The Berghoff Restaurant
17 W. Adams Street
Chicago, IL 60603
The Berghoff is warm, and noisy. There are quite a few people, eating and standing around. The legendary Berghoff waiters are bustling importantly from kitchen to table. I stand in line, thawing out, amidst chattering families and couples. Eventually I am led to a small table in the main dining room, toward the back. I order a dark beer and a plate of duck wursts with spaetzle. When the food comes, I eat slowly. I polish off all the bread, too, and realize that I can’t remember eating lunch. This is good, I’m taking care of myself, I’m not being an idiot, I’m remembering to eat dinner. I lean back in my chair and survey the room. Under the high ceilings, dark paneling, and mural of boats, middle-aged couples eat their dinners. They have spent the afternoon shopping, or at the symphony, and they talk pleasantly of the presents they have bought, their grandchildren, plane tickets and arrival times, Mozart. I have an urge to go to the symphony now…
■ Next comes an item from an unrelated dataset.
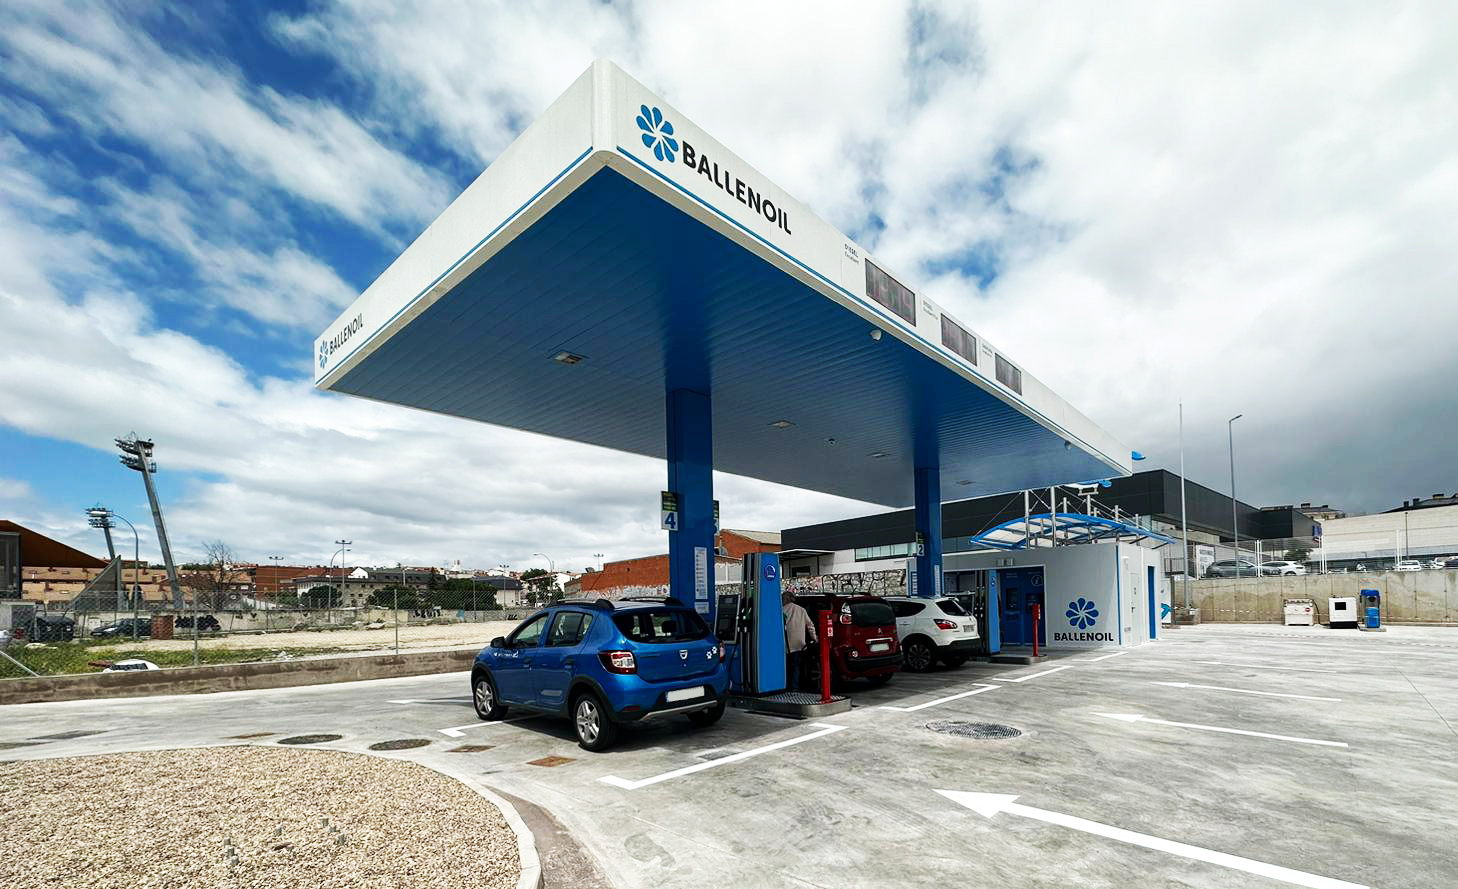 DESVELADO: Estas son las zonas más baratas para repostar gasolina en toda la provincia de Málaga, incluidas Fuengirola, Mijas y Antequera

Audrey Niffenegger: The Time Traveler’s Wife
His preference for Fitzgerald and Moy’s Adams Street place was another yard off the same cloth. This was really a gorgeous saloon from a Chicago standpoint. Like Rector’s, it was also ornamented with a blaze of incandescent lights, held in handsome chandeliers. The floors were of brightly coloured tiles, the walls a composition of rich, dark, polished wood, which reflected the light, and coloured stucco-work, which gave the place a very sumptuous appearance. The long bar was a blaze of lights, polished woodwork, coloured and cut glassware, and many fancy bottles. It was a truly swell saloon, with rich screens, fancy wines, and a line of bar goods unsurpassed in the country.
...Then began one of those pointless social conversations so common in American resorts where the would-be gilded attempt to rub off gilt from those who have it in abundance.
Theodore Dreiser, Sister Carrie
The Berghoff traces its roots to one of Chicago’s most enjoyed cornerstones: beer. In 1870, Herman Berghoff emigrated from Germany to America and opened a brewery in Indiana. The prospect of the World’s Fair in Chicago in 1893 led Herman to set up a stand in the Midway Plaisance, selling beers to some of the 27 million people who attended the fair for the five months of its showing. Building off of the success of his stand, Herman Berghoff opened a permanent place on Adams Street in 1898, where beers were sold for a nickel and came with a free side sandwich.
Despite the threat to business with the start of Prohibition in 1920, Herman Berghoff pivoted, selling a “Near Beer,” which contained less than 0.5% alcohol, and expanding the restaurant menu. Thirteen years later, The Berghoff obtained Chicago’s first post-prohibition liquor license. This honor has been cemented in tradition: Chicago grants the first license of the year to The Berghoff every January.
The Berghoff became a site of political activism when, in 1969, Gloria Steinem and other members of the National Organization for women demanded to be served at the then men-only bar. This was not an isolated event. In Steinem’s own words, “The Berghoff is a restaurant which women have been breaking the barriers in, is to us what the lunch counters were to the black movement. That's very serious and important.”
Underneath the red neon bulbs of the street sign, The Berghoff continues to be a site of reunion and respite. Its inclusion in literary works traces the character arc of the great Chicago third space for over a century. Theodore Dreiser's fictional bar in Sister Carrie, Fitzgerald and Moy’s, is likely inspired by The Berghoff, which matches the description and location of Adam Street near the old Federal Building. For Charles Drouet, the titular character’s first lover, the bar “represented in part high life—a fair sample of what the whole must be.” In Audrey Niffenegger's The Time Traveler’s Wife, The Berghoff is no longer a gilded resort for the elite, now a destination for the busy families and couples visiting downtown Chicago. In both though, the restaurant exudes a lifeforce that provides a nourishment greater than what can be reaped from its food and drink.
In literature, restaurants like The Berghoff exude a timeless nostalgia. Marrian Boruch’s “Once at Berghoff’s” reminisces on the narrator's trip to the restaurant 40 years ago.
that window, Chicago's old downtown, a girl
and her mother at lunch in that understated
stately place. Which is to say, cloth napkins.
Which is to say, the sky darkened, made
lamplight by buildings. Exactly
as my mother dreamed.
Chicago native Boruch recently received the 2026 $100,000 Jackson Poetry Prize, which recognizes an American poet of exceptional talent. Boruch is the twentieth recipient of the prize.
The Berghoff can be visited 7 days a week from 11:30 to 8:00 pm. The Adams Street Brewery, opened in 2018 by the Berghoff family, crafts a wide variety of beers.